Most importantly, Spack is simple. It offers a simple spec syntax so that users can specify versions and configuration options concisely. Spack is also simple for package authors: package files are writtin in pure Python, and specs allow package authors to write a single build script for many different builds of the same package.
See the Feature Overview for examples and highlights.
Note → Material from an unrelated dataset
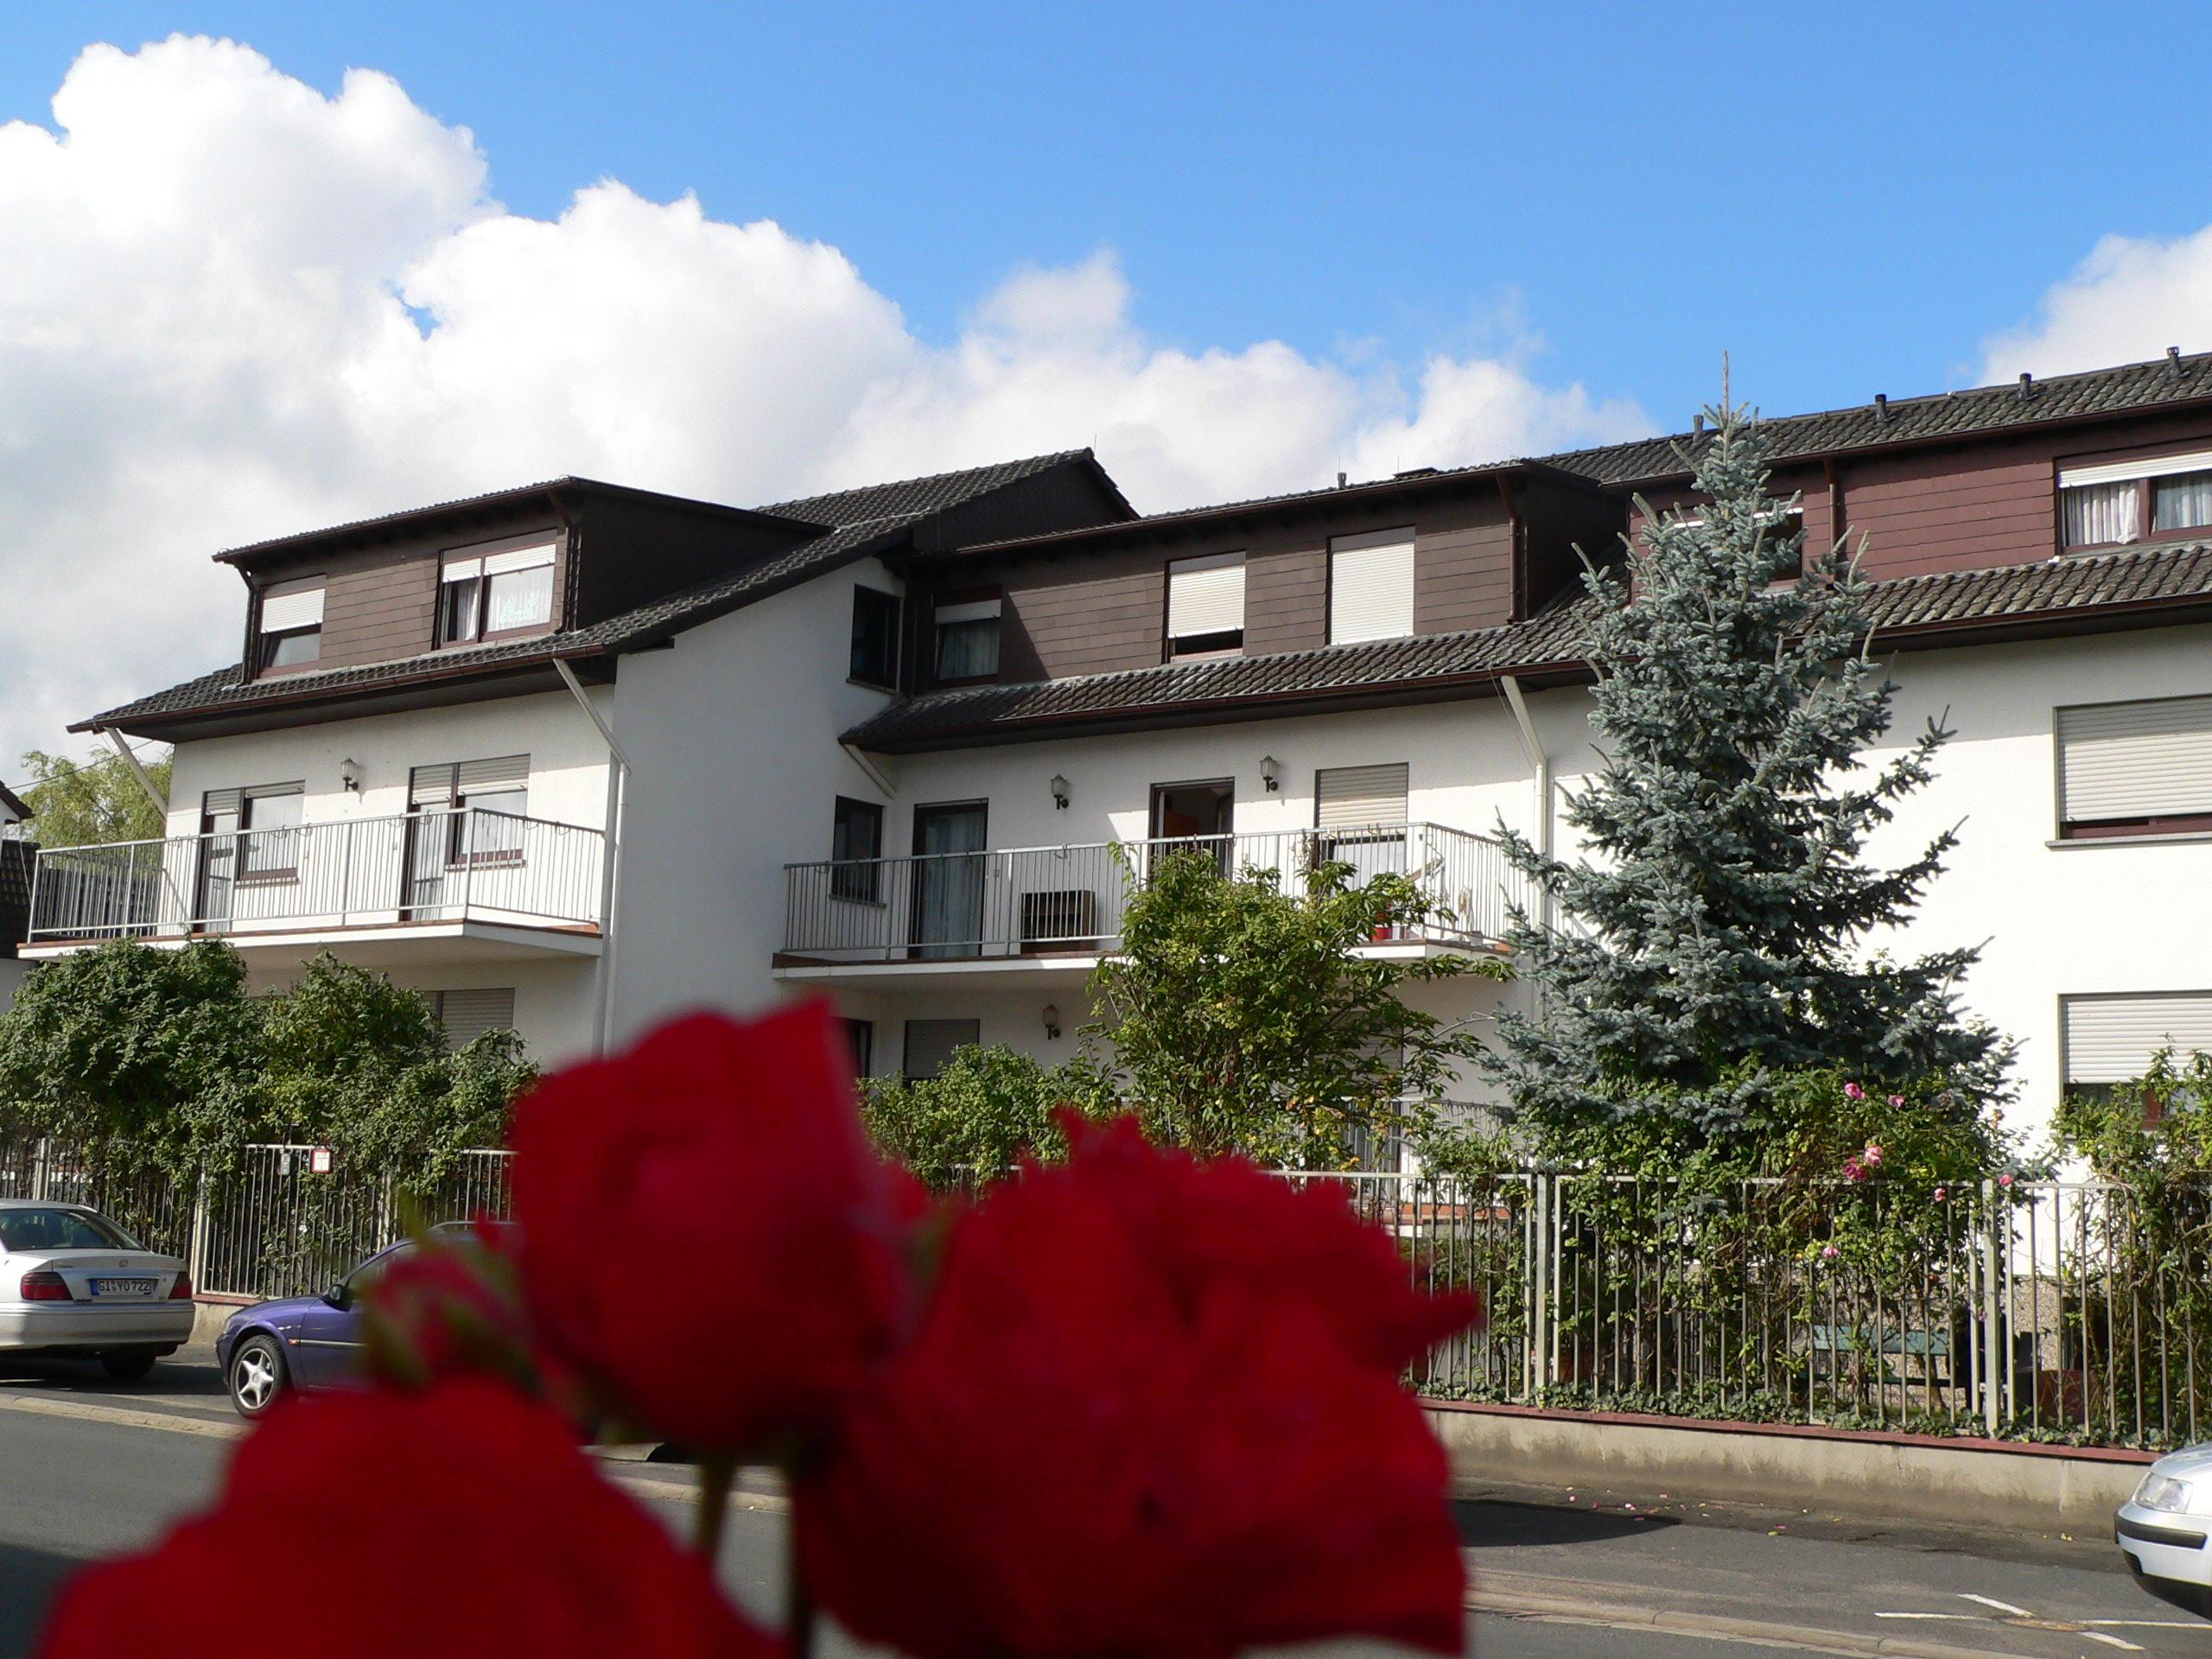 Seniorenheim Rosengarten GmbH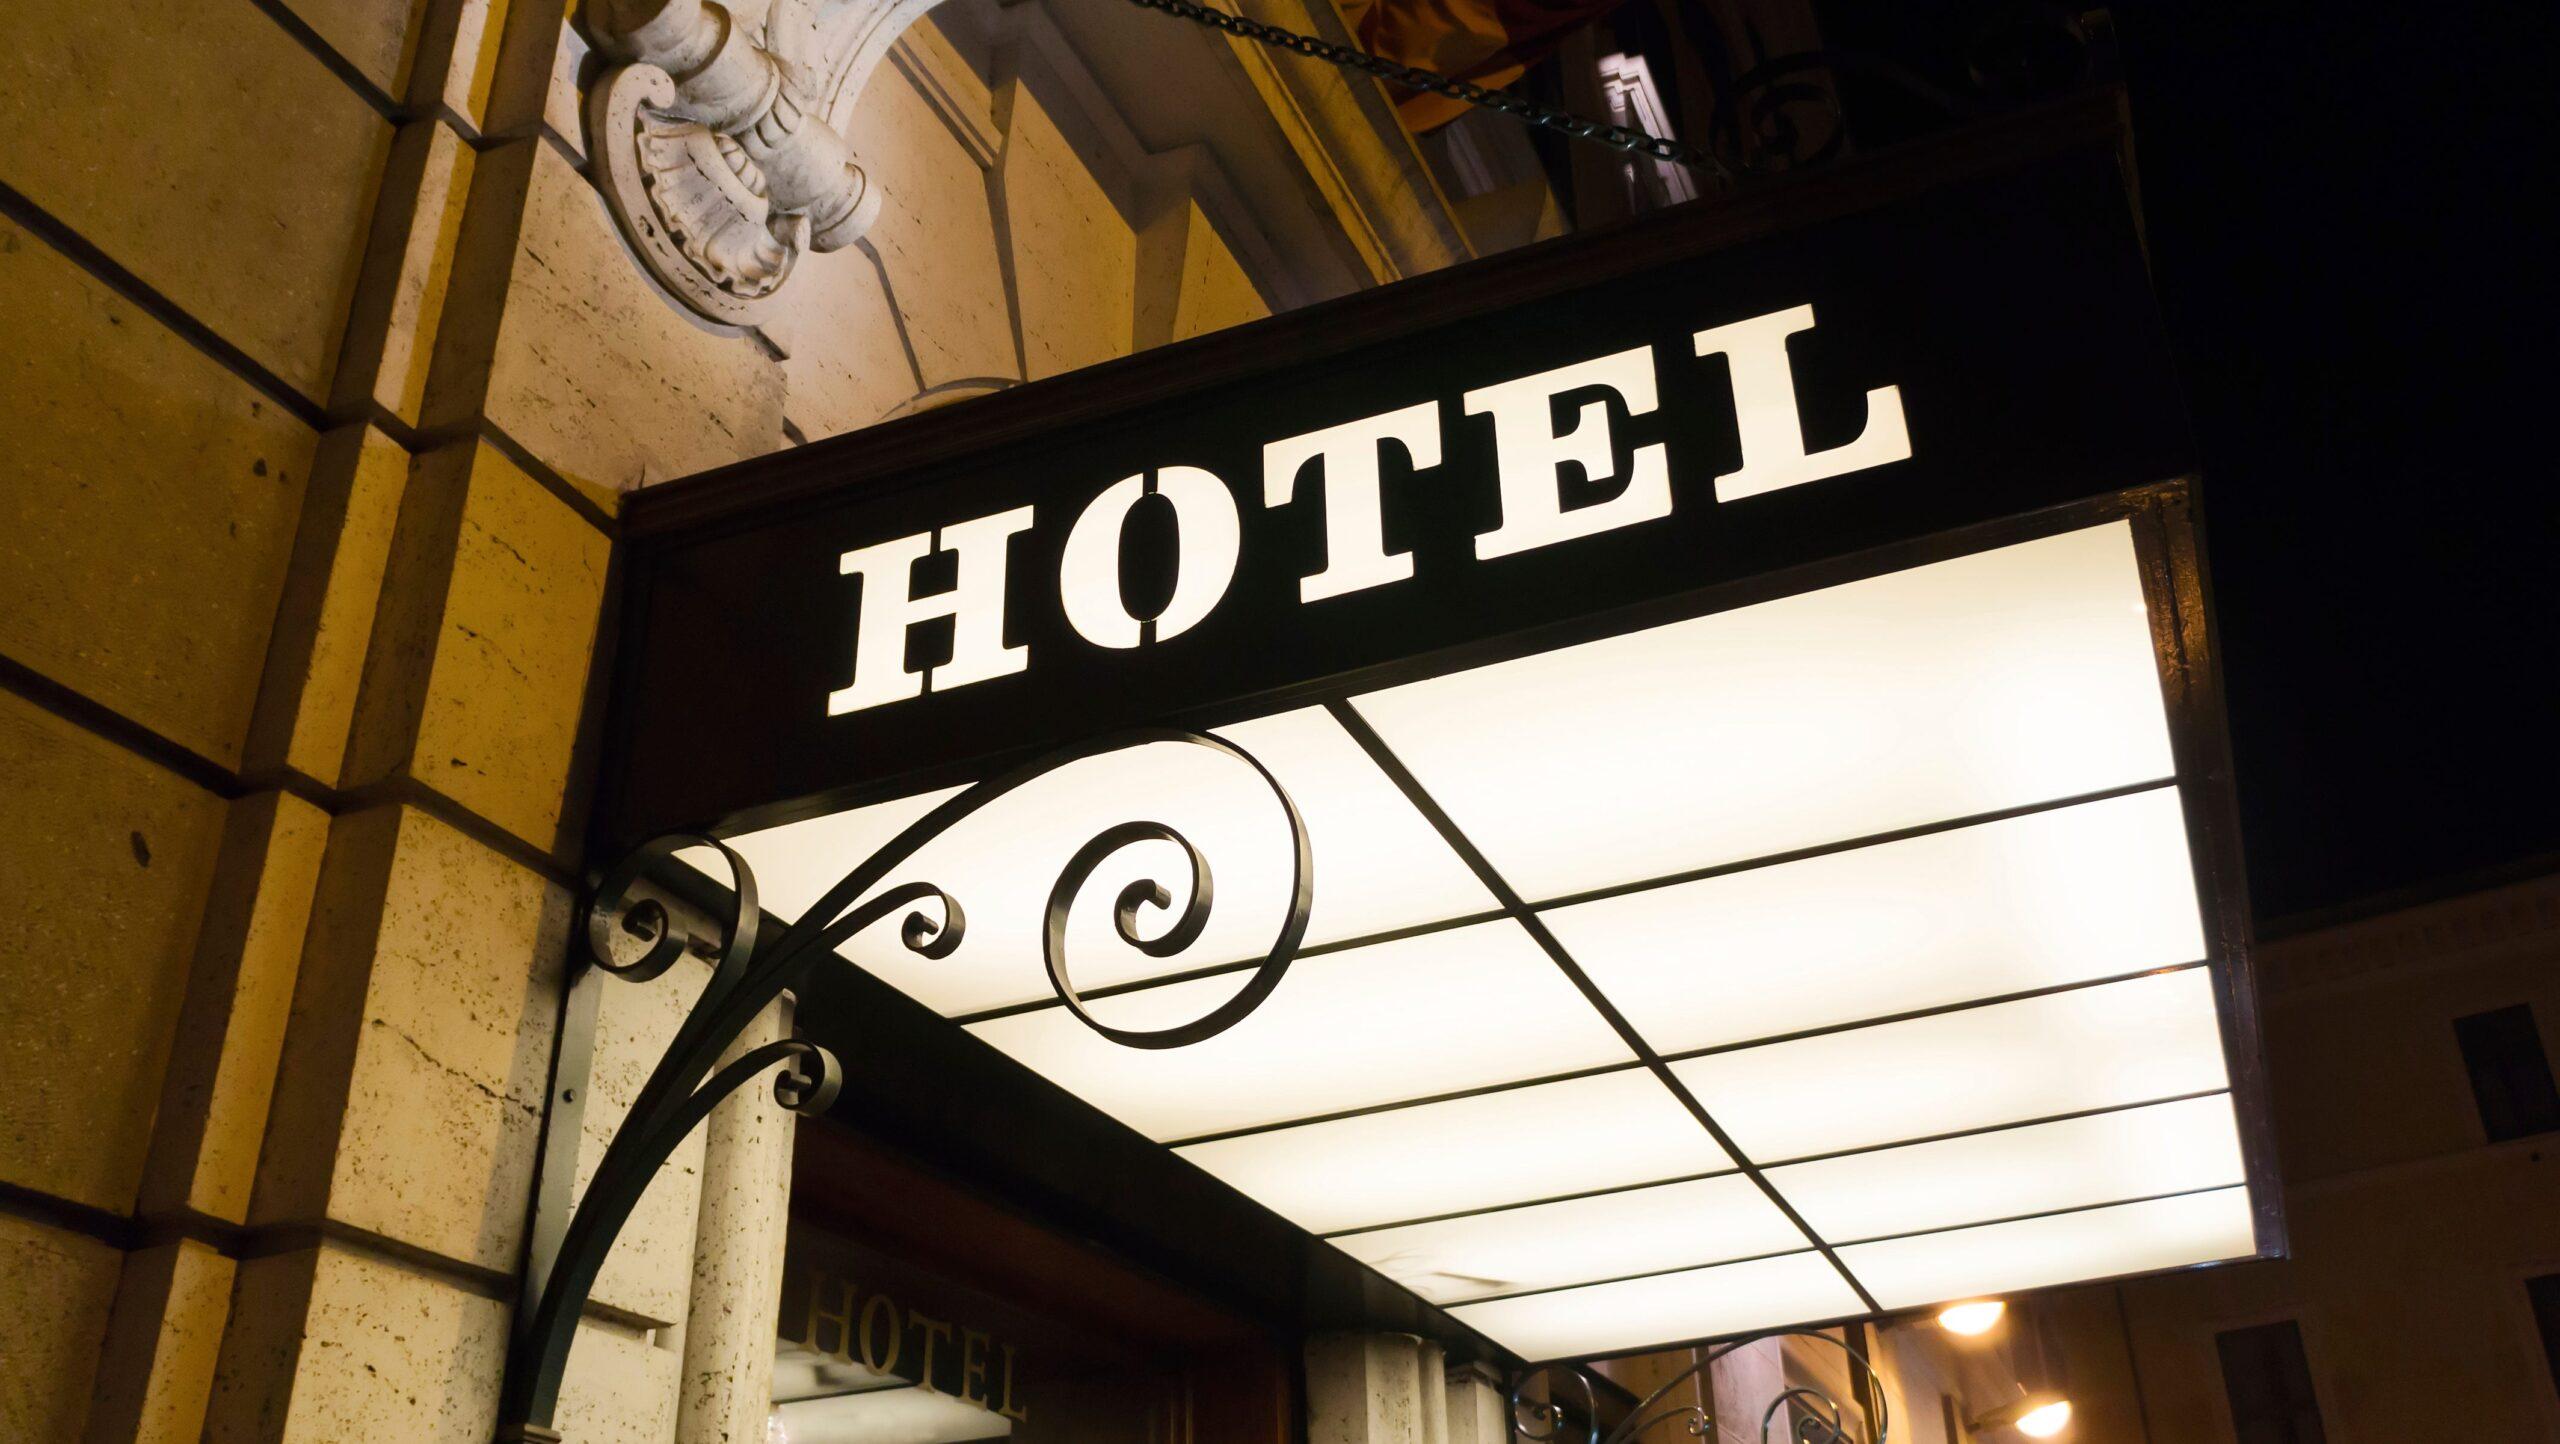 Beautiful Hotel Venue in Australia

To install spack and install your first package:
$ git clone https://github.com/scalability-llnl/spack.git
$ cd spack/bin
$ ./spack install libelf
Documentation
Full documentation for Spack is also available.
Get Involved!
Spack is an open source project. Questions, discussion, and contributions are welcome. Contributions can be anything from new packages to bugfixes, or even new core features.
Mailing list
If you are interested in contributing to spack, the first step is to join the mailing list. We're using a Google Group for this, and you can join it here:
Contributions
At the moment, contributing to Spack is relatively simple. Just send us
a pull request.
When you send your request, make develop
the destination branch.
Spack is using a rough approximation of the Git
Flow
branching model. The develop
branch contains the latest
contributions, and master
is always tagged and points to the
latest stable release.
Authors
Spack was written by Todd Gamblin, tgamblin@llnl.gov.
Significant contributions were also made by:
- David Beckingsale
- David Boehme
- Alfredo Gimenez
- Luc Jaulmes
- Matt Legendre
- Greg Lee
- Adam Moody
- Saravan Pantham
- Joachim Protze
- Bob Robey
- Justin Too
Release
Spack is released under an LGPL license. For more details see the LICENSE file.